Task requirements: Give the data again exactly, without its images.

[Data records]
-=-=-=-=-

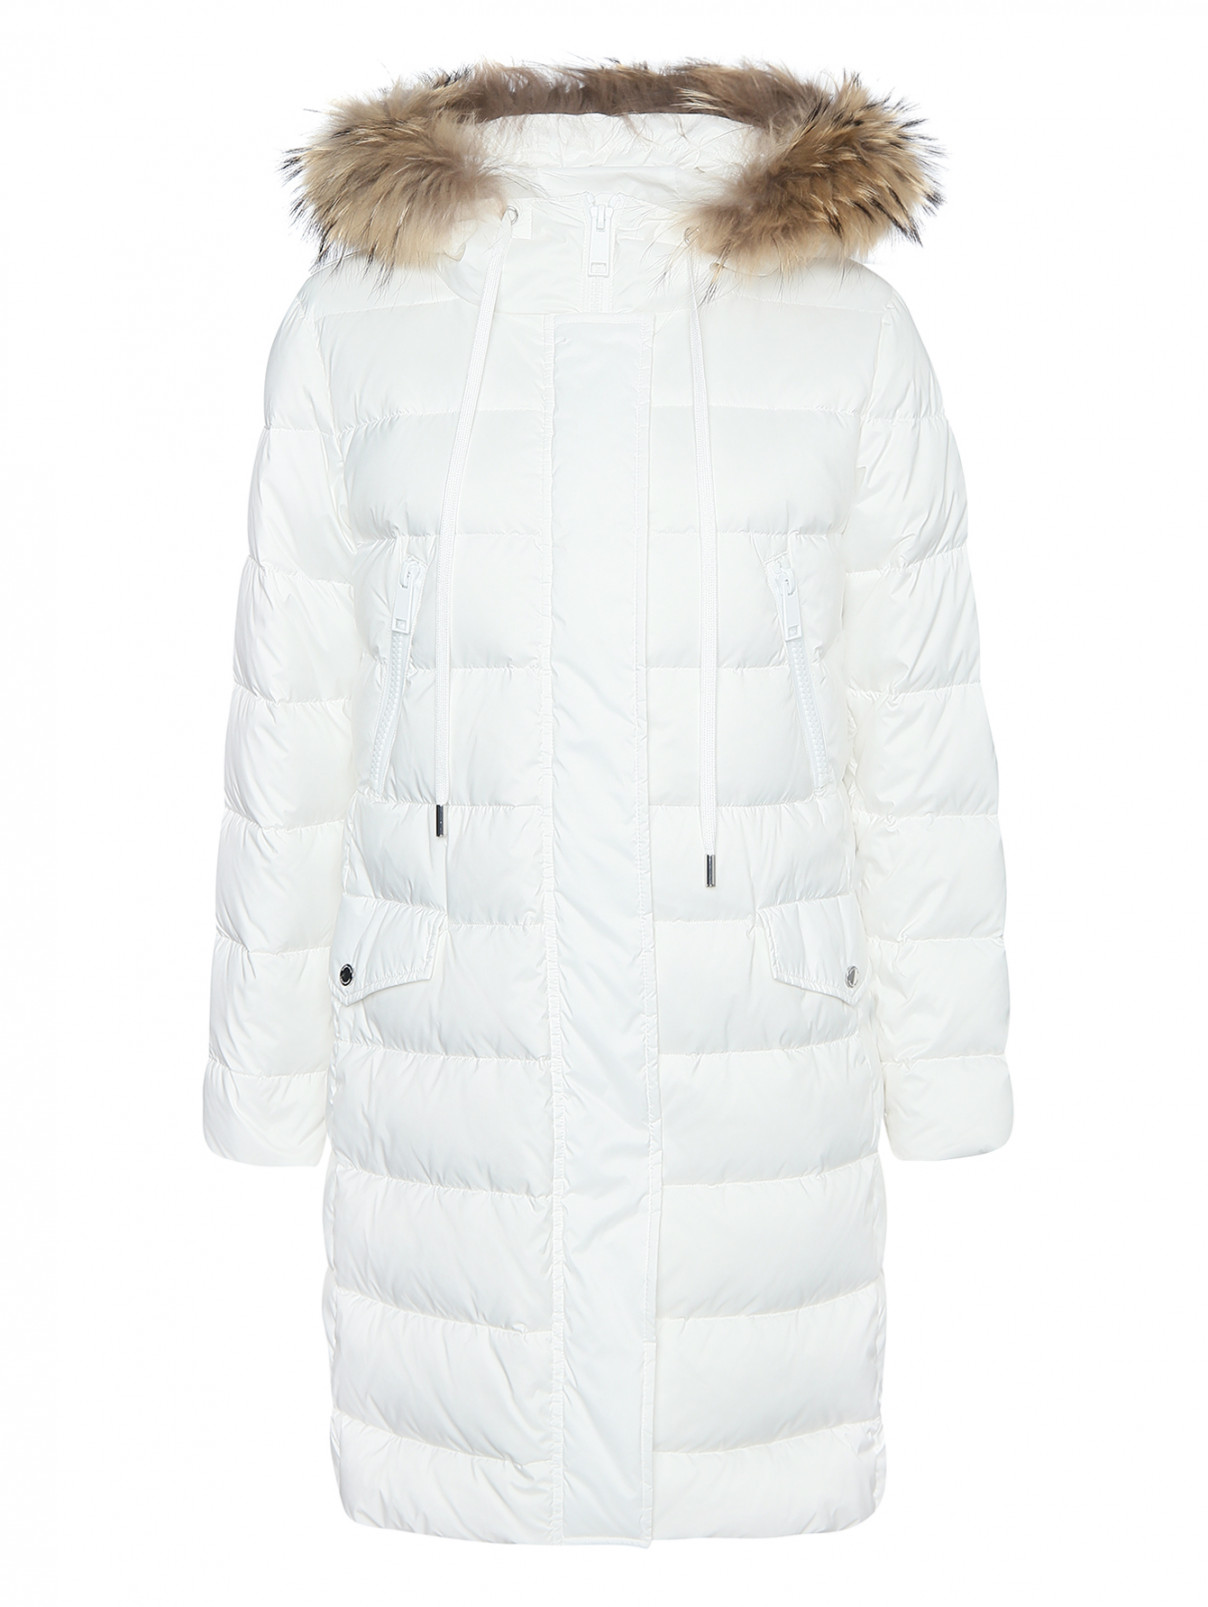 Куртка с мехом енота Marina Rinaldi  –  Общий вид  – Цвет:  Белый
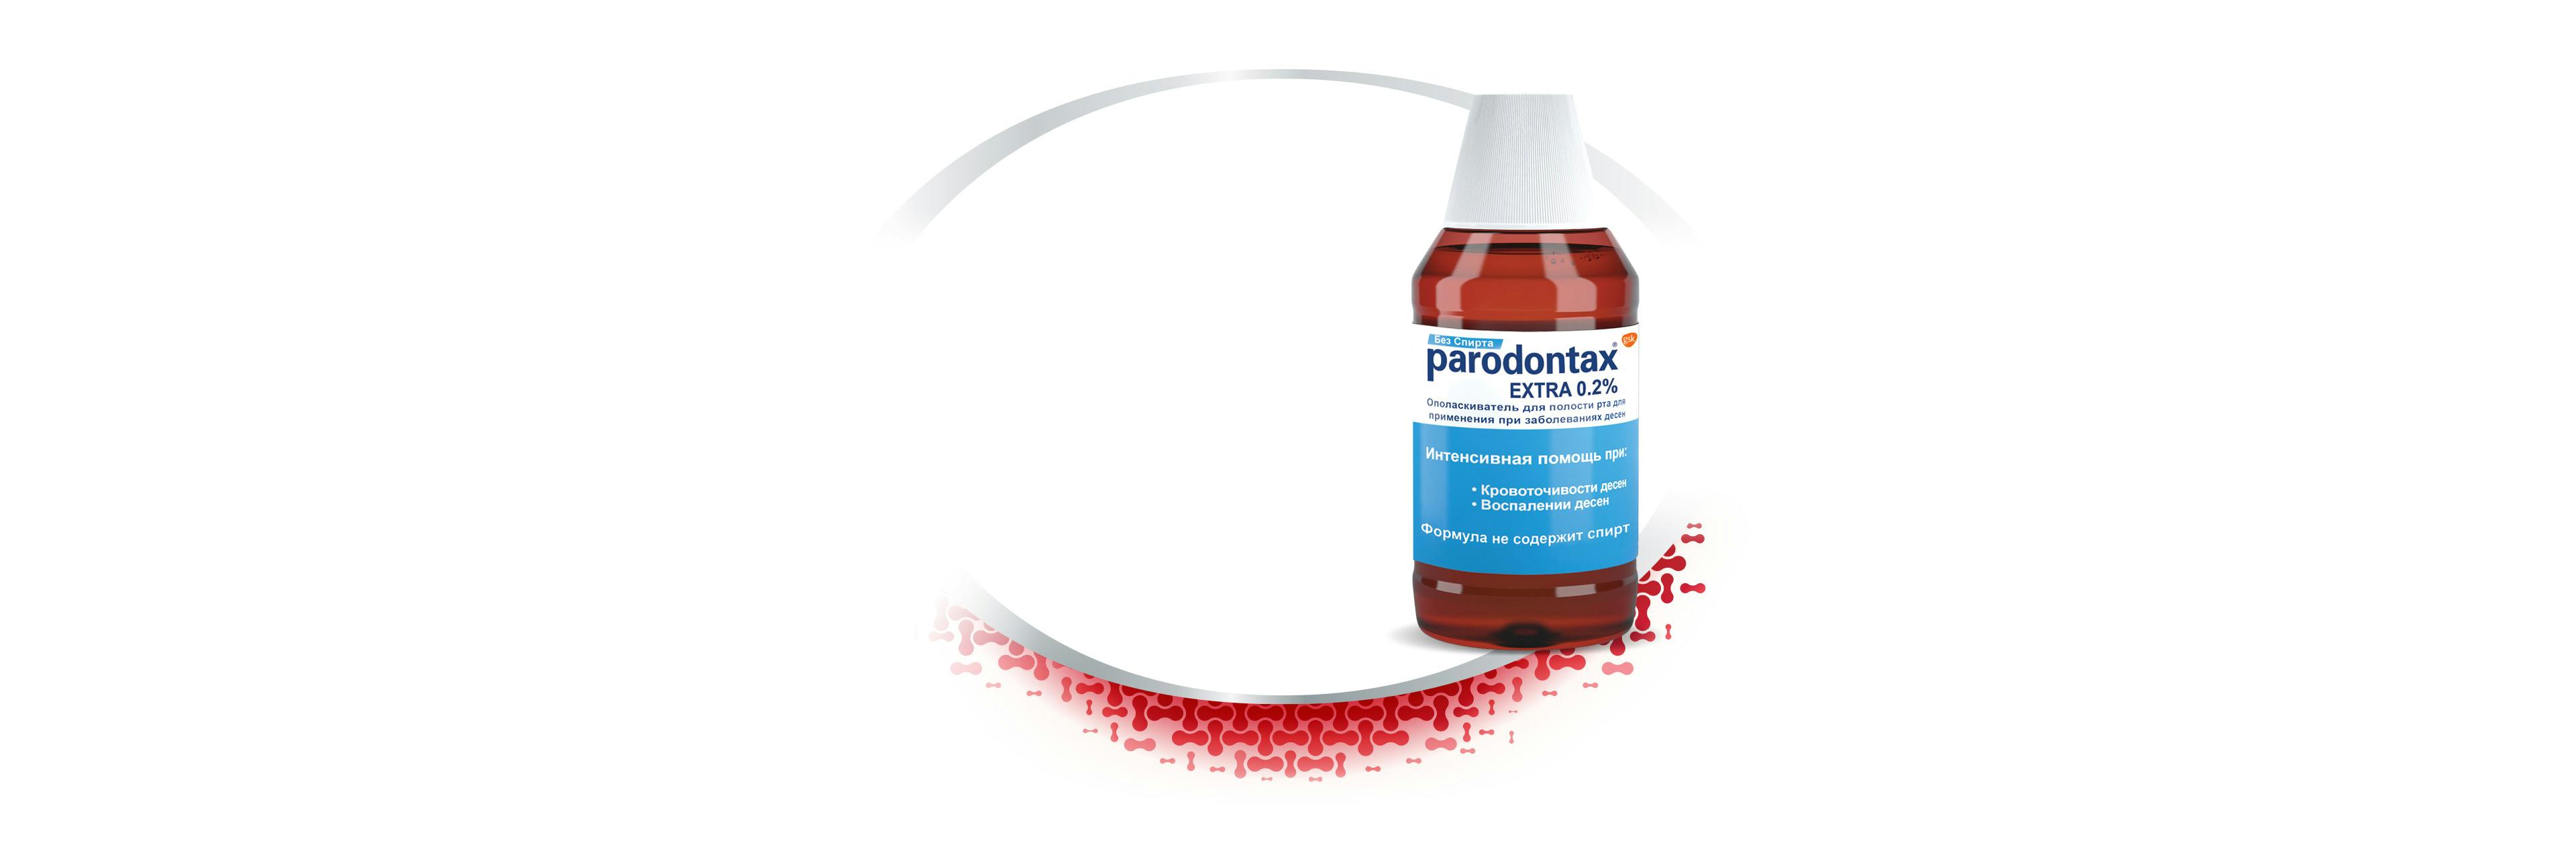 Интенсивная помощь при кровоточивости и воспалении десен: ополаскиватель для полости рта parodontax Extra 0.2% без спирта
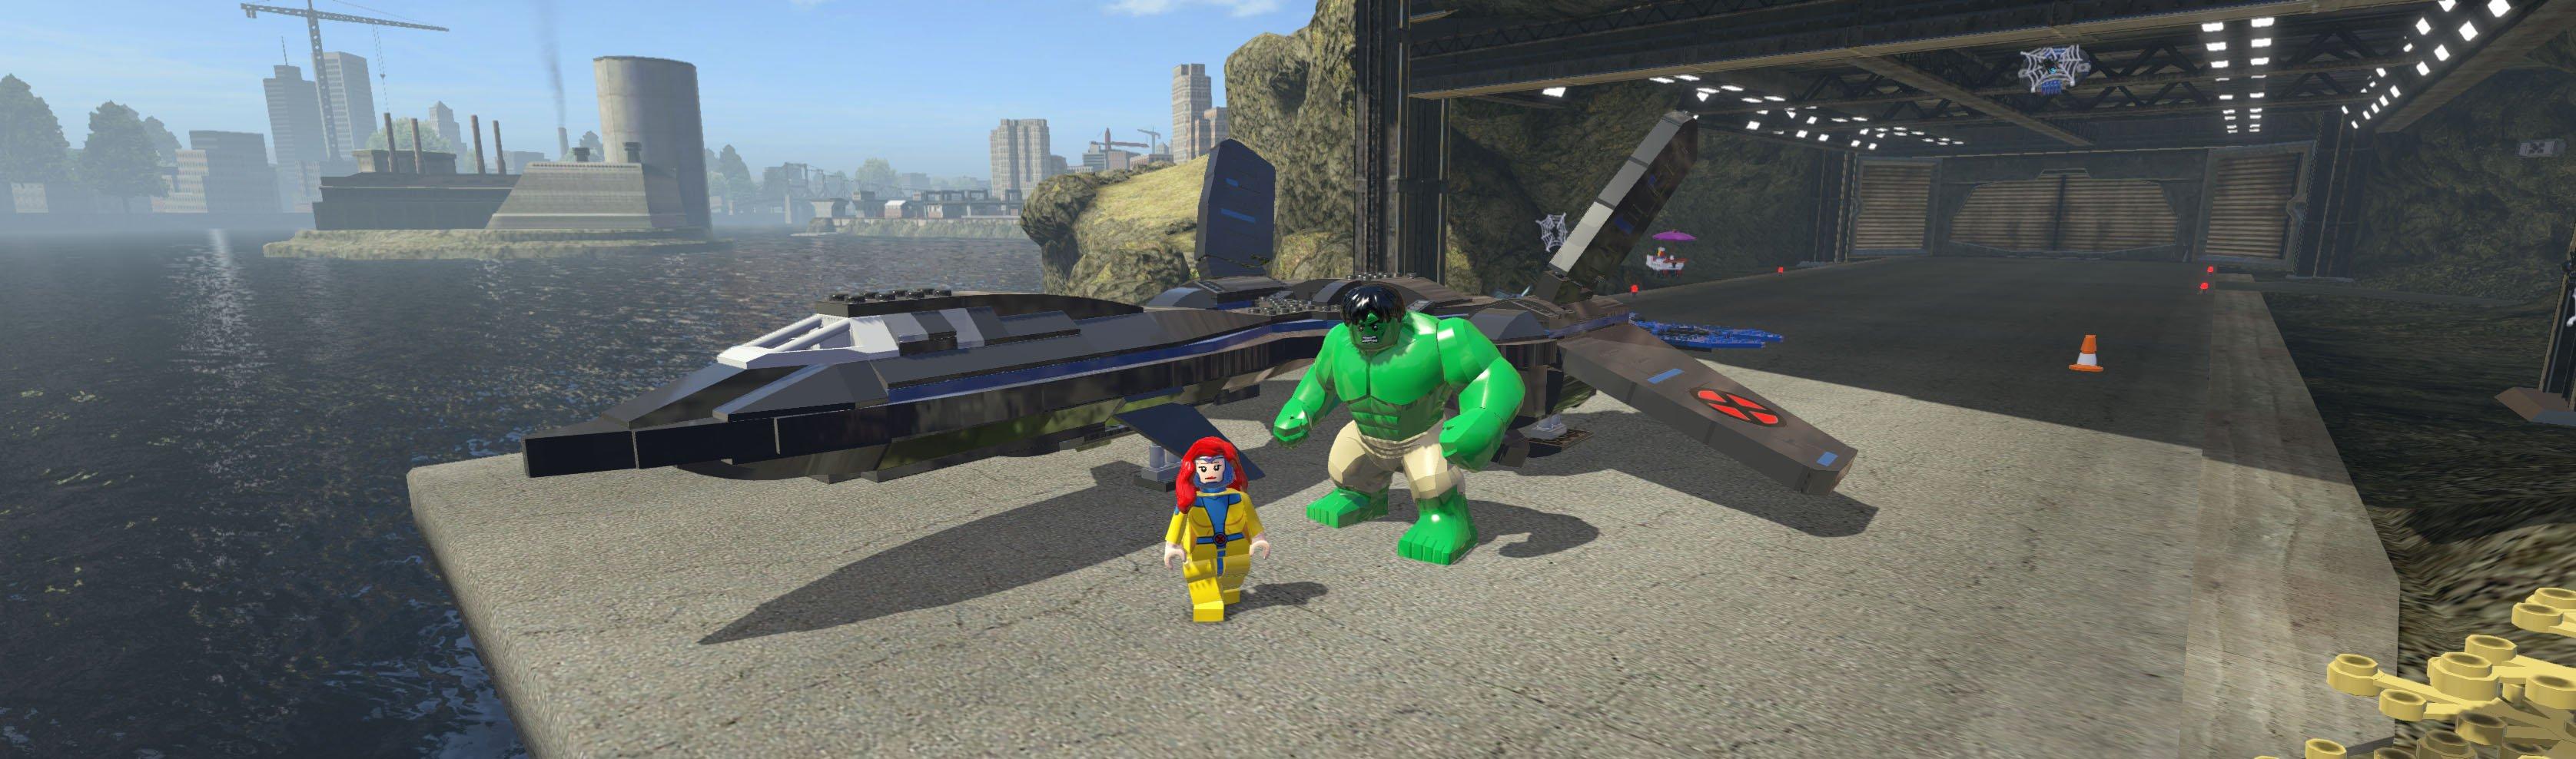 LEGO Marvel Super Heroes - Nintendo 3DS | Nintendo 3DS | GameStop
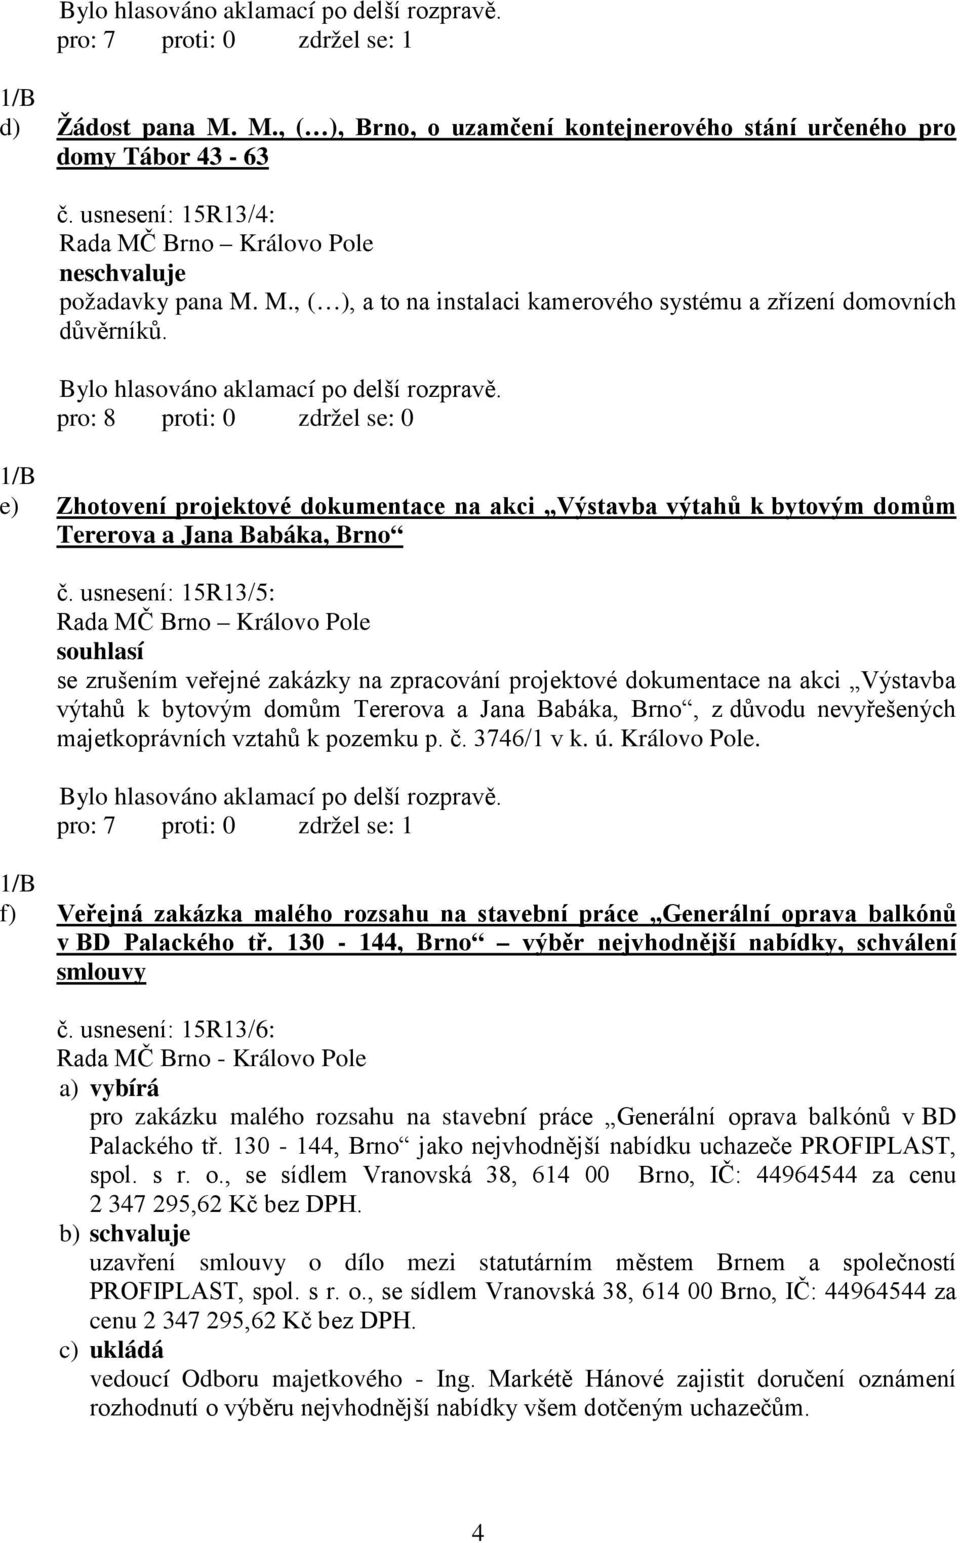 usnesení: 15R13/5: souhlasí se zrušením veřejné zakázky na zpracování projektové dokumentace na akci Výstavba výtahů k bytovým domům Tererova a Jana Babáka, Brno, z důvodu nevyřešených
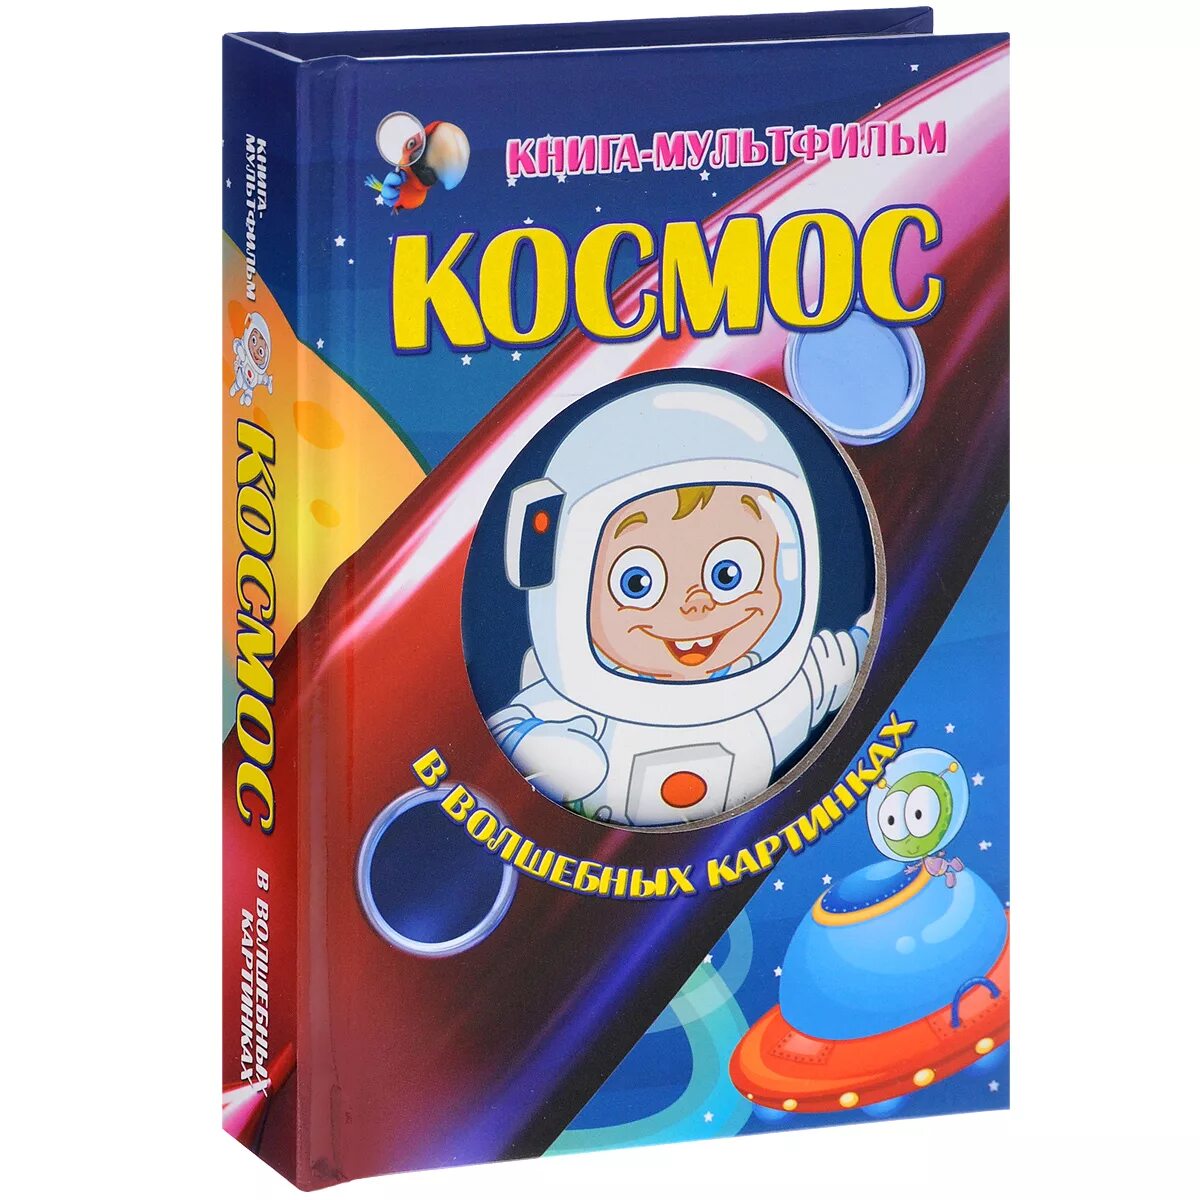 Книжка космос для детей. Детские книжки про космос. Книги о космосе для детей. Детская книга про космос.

-=-=-=-=-

Task output:
 Куртка с мехом енота Marina Rinaldi  –  Общий вид  – Цвет:  Белый
 Интенсивная помощь при кровоточивости и воспалении десен: ополаскиватель для полости рта parodontax Extra 0.2% без спирта
 LEGO Marvel Super Heroes - Nintendo 3DS | Nintendo 3DS | GameStop
 usnesení: 15R13/5: souhlasí se zrušením veřejné zakázky na zpracování projektové dokumentace na akci Výstavba výtahů k bytovým domům Tererova a Jana Babáka, Brno, z důvodu nevyřešených
 Книжка космос для детей. Детские книжки про космос. Книги о космосе для детей. Детская книга про космос.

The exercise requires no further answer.